Текущий протокол описывает генерацию нуклеосом, содержащих дифференцированно меченого изотопом сестра гистоны. Она сочетает в себе гибкость ЯМР - спектроскопии для отображения PTMs , используя как 1 Н- 15 N и 1 Н- 13 корреляции спектров C с использованием различных тегов сродства белка для очистки выбранных реконструированных гистонов комплексов. Следует отметить, что протокол использует два различных пулов определенного гистона для нуклеосомнои восстановления. Эти бассейны дифференцированно меченого изотопом (один с 15 Н, а другой с 13 С), и они слиты с полигистидиновая и стрептавидин аффинной метки, соответственно. Тандем сродства схема очистки с Ni-NTA и стрептавидин на основе хроматографии первоначально использовалась Voigt и др. 7 используется для очистки асимметричный вид от симметричных аналогов (Рис . 1А) Асимметричные гистонов октамеры используются в дальнейшем для восстановления эквивалентных нуклеосомной комплексов (рис 1b), с использованием стандартной солевой метод 14 диализный. Кроме того, с помощью той же процедуры, и при наличии одного из пулов гистонов предшествующих тем редактированию, ПТМ, могут быть включены асимметрично на полученную нуклеосом.
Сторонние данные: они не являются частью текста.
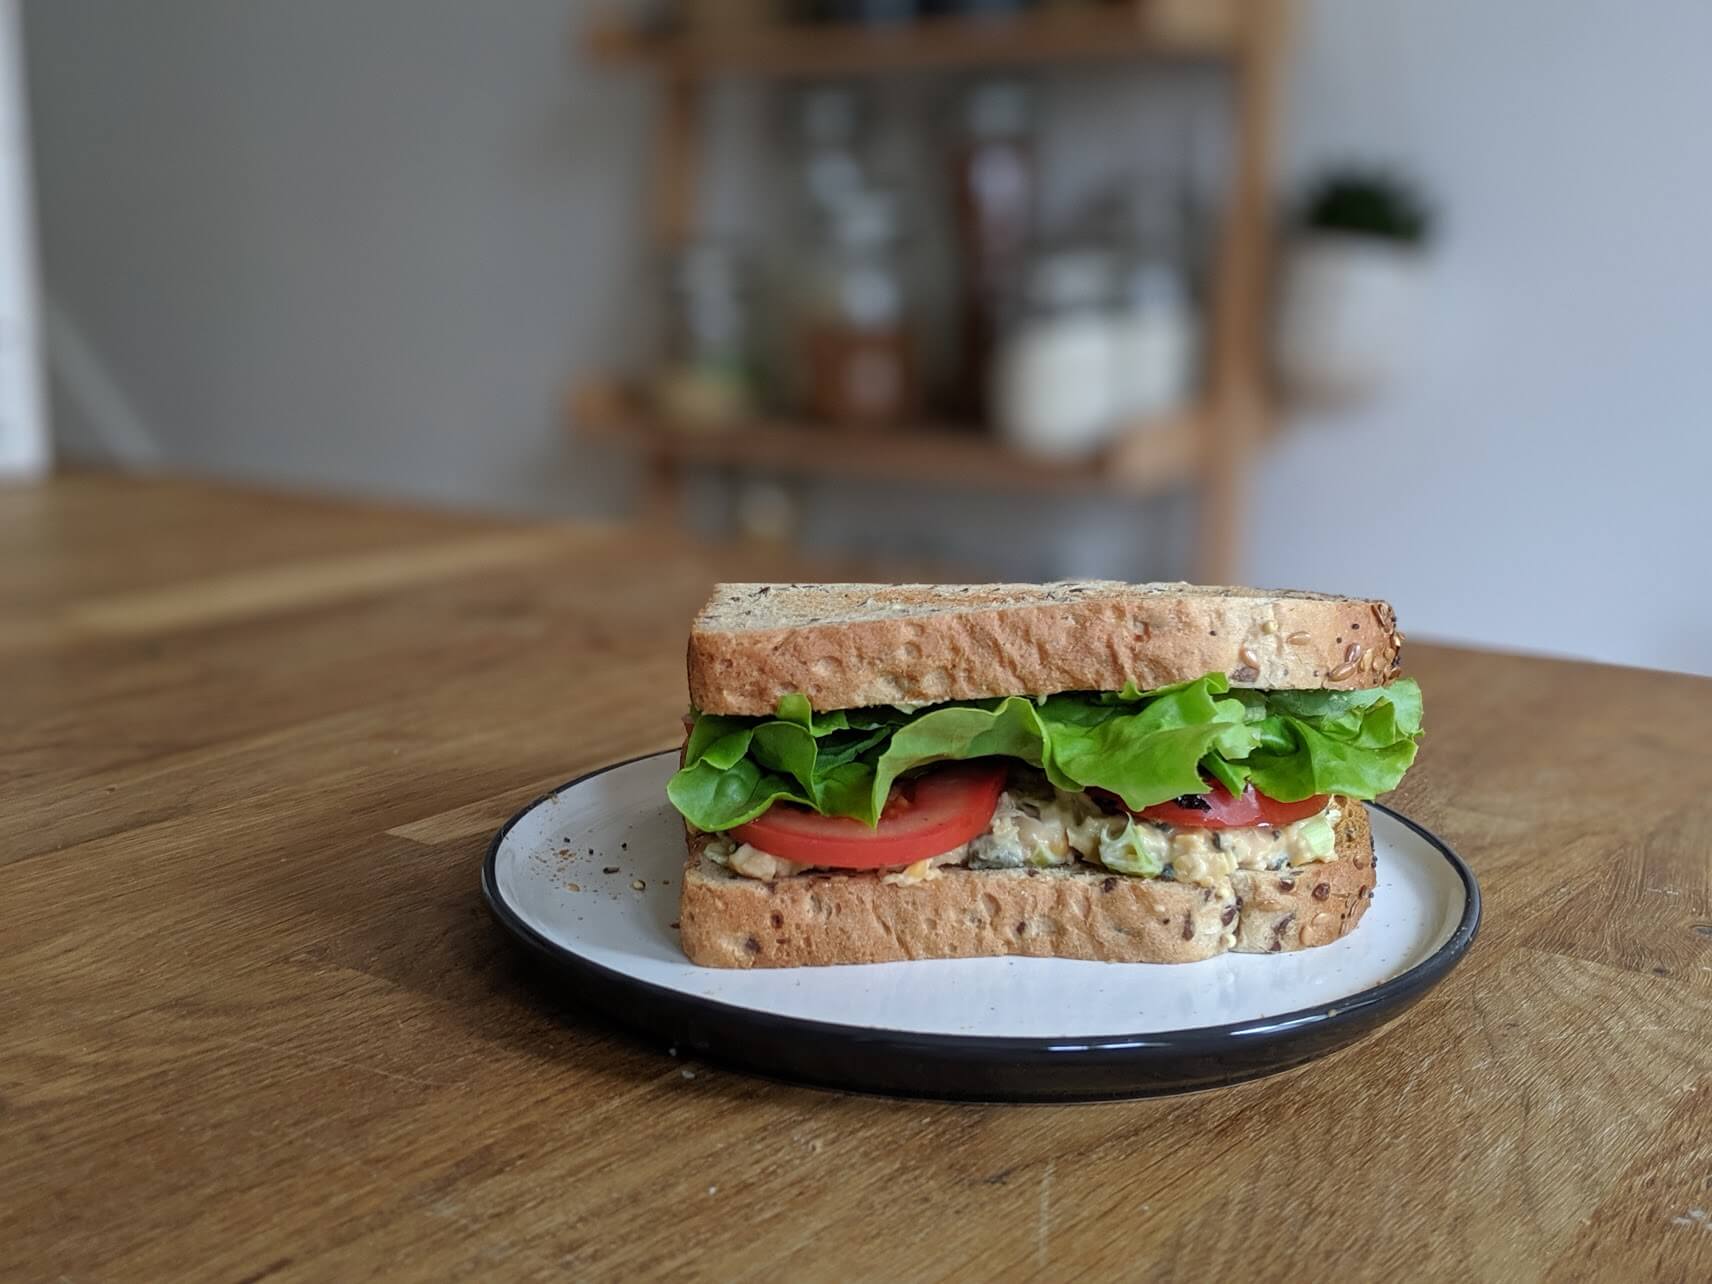 Lunch sandwich complete

Взаимодействие этих субстратов с гистонов модифицирующих ферментов и последующего ЯМР-картирования модификации событий позволяют охарактеризовать механизмы перекрестных помех как в-цис (premodified гистонов копия) и транс (unmodifiред гистонов копия) (рис 1C).

протокол

1. Воссоздание нуклеосом с Дифференциально меченый изотопом (и асимметрично Modified) Сестра Гистоны

ПРИМЕЧАНИЕ: Текущий протокол описывает воссоздание нуклеосом с дифференцированно меченого изотопом гистона H3. С этой целью были использованы два бассейна гистона H3; один был 15 Н-меченых и содержал 6xHis-тег на N-конце , а второй был 13 С-меченого и содержал пептид Strep (WSHPQFEK) , слитый на N-концевом участке . Обе метки были отделены от нативной последовательности Н3 с сайтом распознавания протеазы табачный Etch Вирус (ТРВ). Для того, чтобы подготовить дополнительные асимметрично модифицированных нуклеосом, один из двух Н3 бассейнов входит в premodified форме. Premodification пула гистонов может быть осуществлено путем реакции меченного изотопом гистонов интерес с соответствующим гистона-модифицирующего фермента в присутствии необходимого для каждого типа кофакторов реакции / доноров PTM 16. Эффективное размещение соответствующего ПТМ может быть оценена с помощью ЯМР-спектроскопии или масс-спектрометрии. Количества гистоны / ДНК, используемые здесь, являются приближенными рекомендации, чтобы получить нуклеосом препарат с приблизительной концентрации 10 мкМ (измеренный как концентрации ДНК при 260 нм) .Этот конечный выход достаточна для записи спектров ЯМР хорошего качества с относительно коротким временем приобретения.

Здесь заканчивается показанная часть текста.